Paper Certificates of Title Gone – Watch Out Parental Loans

Many parents lending money to their kids to buy a house would accept the paper certificate of title as security for the loan.

Although the loan is not secured by a registered mortgage, parents usually take some comfort that while they held the certificate of title, the property could not be transferred from their child’s name.

Such informal security, sometimes called an equitable mortgage, has just become even riskier now that paper certificates of title have been abolished.
Paper Certificates of Title were abolished in NSW on 11 October 2021.

The Certificate of Title listed the owner, and those with a registered interest, such as the bank mortgagee, the lessee and those with rights of access such as easements.

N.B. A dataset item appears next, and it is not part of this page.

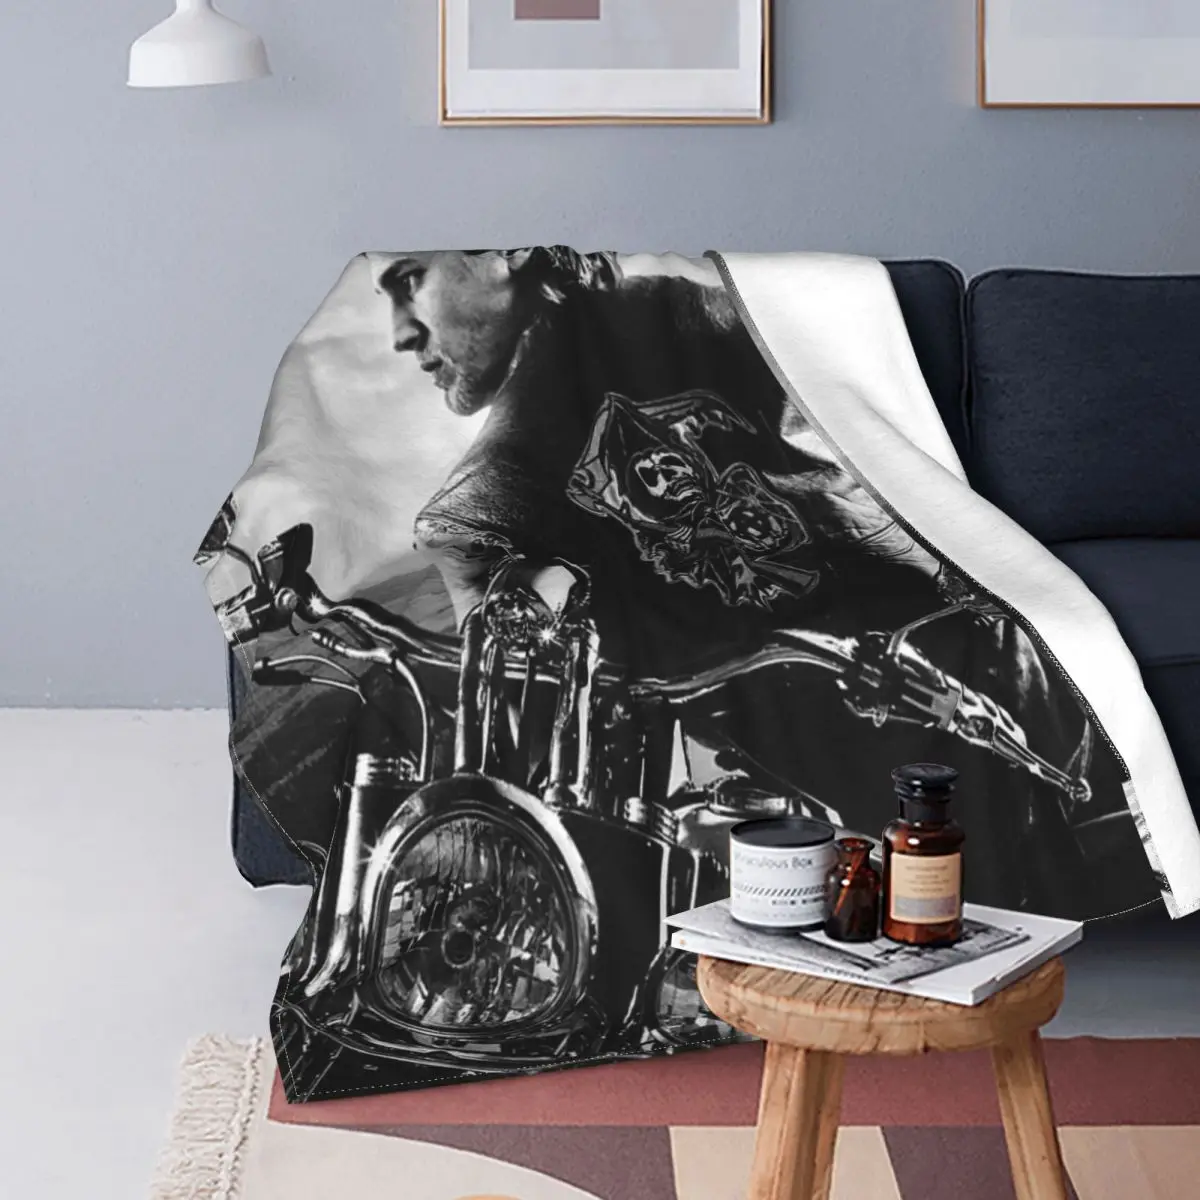 

Sons of Anarchy Jax Teller Crime Pattern Blanket Flannel Death Motorcycle Rock Soft Blanket for Airplane Travel Bed

If you held a Certificate of Title, you would keep in a safe place. Why? You had to have the certificates of title to legally sell, mortgage, lease or subdivide your land, that’s just how it went.

However, Certificates of Title were occasionally lost, or were hard to find, or were taken by fraudsters to transfer property.

From now on, your ownership, or your interest in a mortgage or lease, will not be recorded on a paper document.

It will remain recorded on the register maintained by Land Registry Services (the old Land Titles Office), but it will be transacted electronically using Property Exchange Australia (PEXA), an electronic conveyancing platform.

So, watch out!! That bundle of Certificates of Titles (or land title deeds) is not worth the paper it is written on!

If you are holding paper Certificates of Titles, check the reason why, and get legal advice about how to protect your interest in the property represented by them.